My warning before you see Leonardo DiCaprio’s new film One Battle After Another

It's had critics raving for weeks.

My warning before you see Leonardo DiCaprio’s new film One Battle After Another
One Battle After Another is in cinemas now, so what can people expect? (Picture: Warner Bros.)

Leonardo DiCaprio’s new film is out in cinemas this week, and if you believe the hype it’s the best movie of the year, if not the decade.

Breathless critics, journalists and influencers granted preview access have been fawning over One Battle After Another for weeks, calling it ‘a sublime masterpiece’, ‘a slam-dunk’ and ‘a stone-cold, instant classic’.

It’s also been bombarded with five-star reviews by everyone from the BBC to the Guardian, to Time Out, the Telegraph, the Independent and Metro too.

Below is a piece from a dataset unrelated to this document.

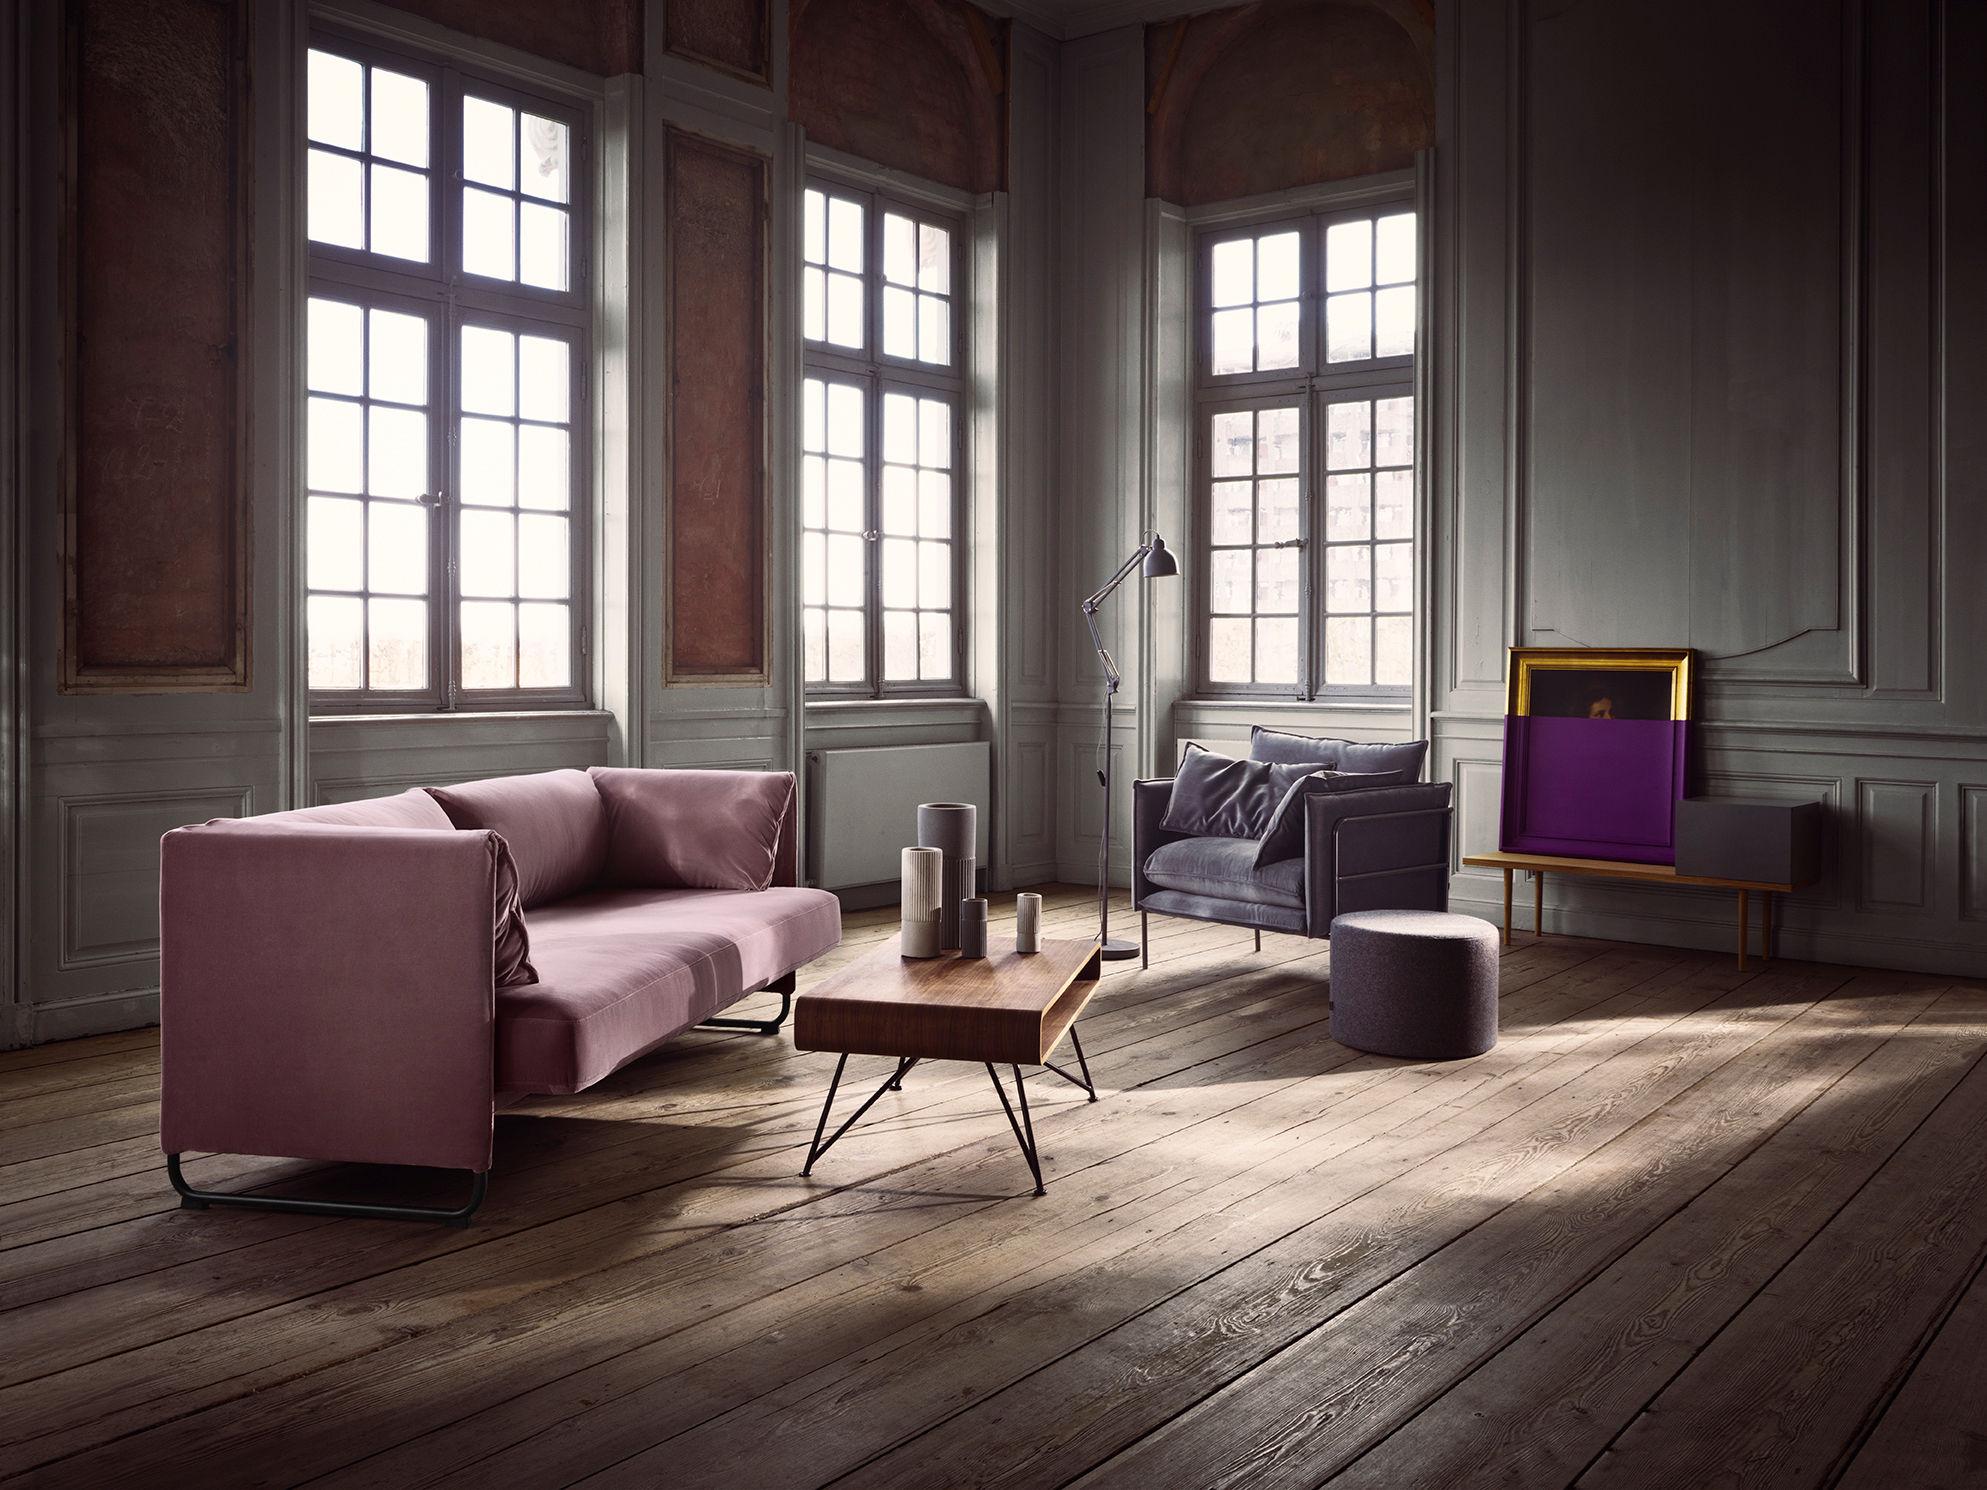 canap droit mara 2 places l 230 cm assise extensible bleu p trole pi tement noir bolia. Black Bedroom Furniture Sets. Home Design Ideas

In a year of strong releases, but perhaps one lacking such an obvious knock-out contender for awards season like Oppenheimer was in 2023, it feels like Sinners was the last time film fans were as excited in the past 12 months.

But even that fantastically stylish and original take on a vampire horror flick didn’t get people frothing at the mouth with excitement quite like filmmaker Paul Thomas Anderson’s latest has – or as liberal with the full-mark reactions.

It’s even broken a record, becoming the highest-rated of his films so far on Rotten Tomatoes, with One Battle After Another rated at a stonking 98% according to critics on the review aggregator site.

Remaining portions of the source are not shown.